If \(\left(x_{n}\right)\) is Cauchy and has a convergent subsequence, say, \(x_{n_{4}} \longrightarrow x\), show that \(\left(x_{n}\right)\) is convergent with the limit \(x\).

Short Answer

Expert verified
The sequence \((x_n)\) is convergent with the limit \(x\).

Step by step solution

01

Definition of a Cauchy sequence

Recall that a sequence \( (x_n) \) is Cauchy if for every \( \epsilon > 0 \), there exists \( N \) such that for all \( m, n > N \), \( |x_m - x_n| < \epsilon \).

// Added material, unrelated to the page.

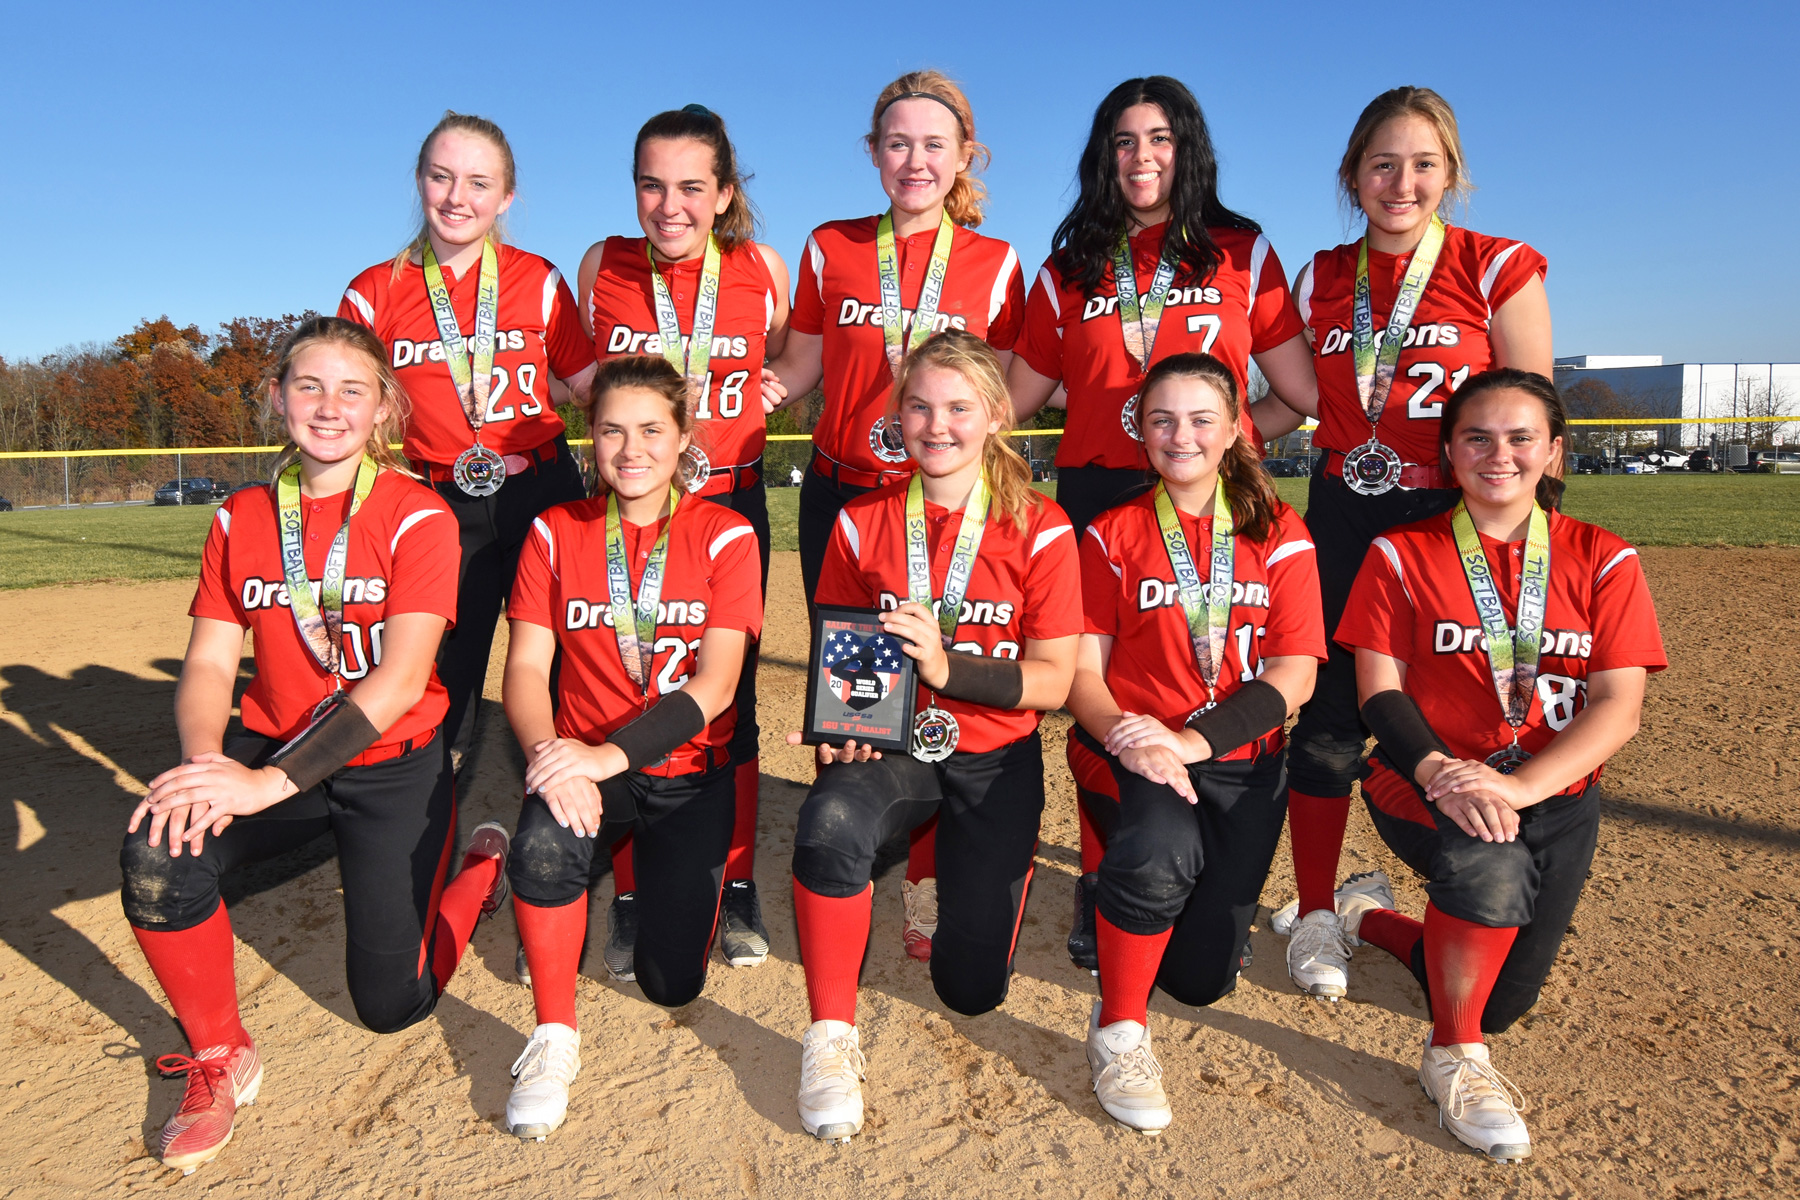 NJ Dragons 16U Finishes in 2nd Place

This implies that the terms of the sequence get arbitrarily close to each other as the sequence progresses.
02

Definition of a convergent sequence

A sequence converges to a limit \( x \) if for every \( \epsilon > 0 \), there exists an \( N \) such that for all \( n > N \), \( |x_n - x| < \epsilon \).
03

Use the property of the convergent subsequence

We are given that the subsequence \( x_{n_4} \to x \). This means that for every \( \epsilon > 0 \), there exists a \( K \) such that for all \( k > K \), \( |x_{n_k} - x| < \epsilon/2 \).
04

Apply the Cauchy condition to the original sequence

Since \( (x_n) \) is Cauchy, for the given \( \epsilon/2 \), there exists an \( N \) such that for all \( m, n > N \), \( |x_m - x_n| < \epsilon/2 \).
05

Show \((x_n)\) converges to \(x\)

By the convergence of the subsequence, there is an index \( n_k > N \) such that \( |x_{n_k} - x| < \epsilon/2 \). For any \( n > N \), making \( m = n_k \), we have \( |x_n - x| \leq |x_n - x_{n_k}| + |x_{n_k} - x| < \epsilon/2 + \epsilon/2 = \epsilon \). This satisfies the definition of convergence, hence \( (x_n) \to x \).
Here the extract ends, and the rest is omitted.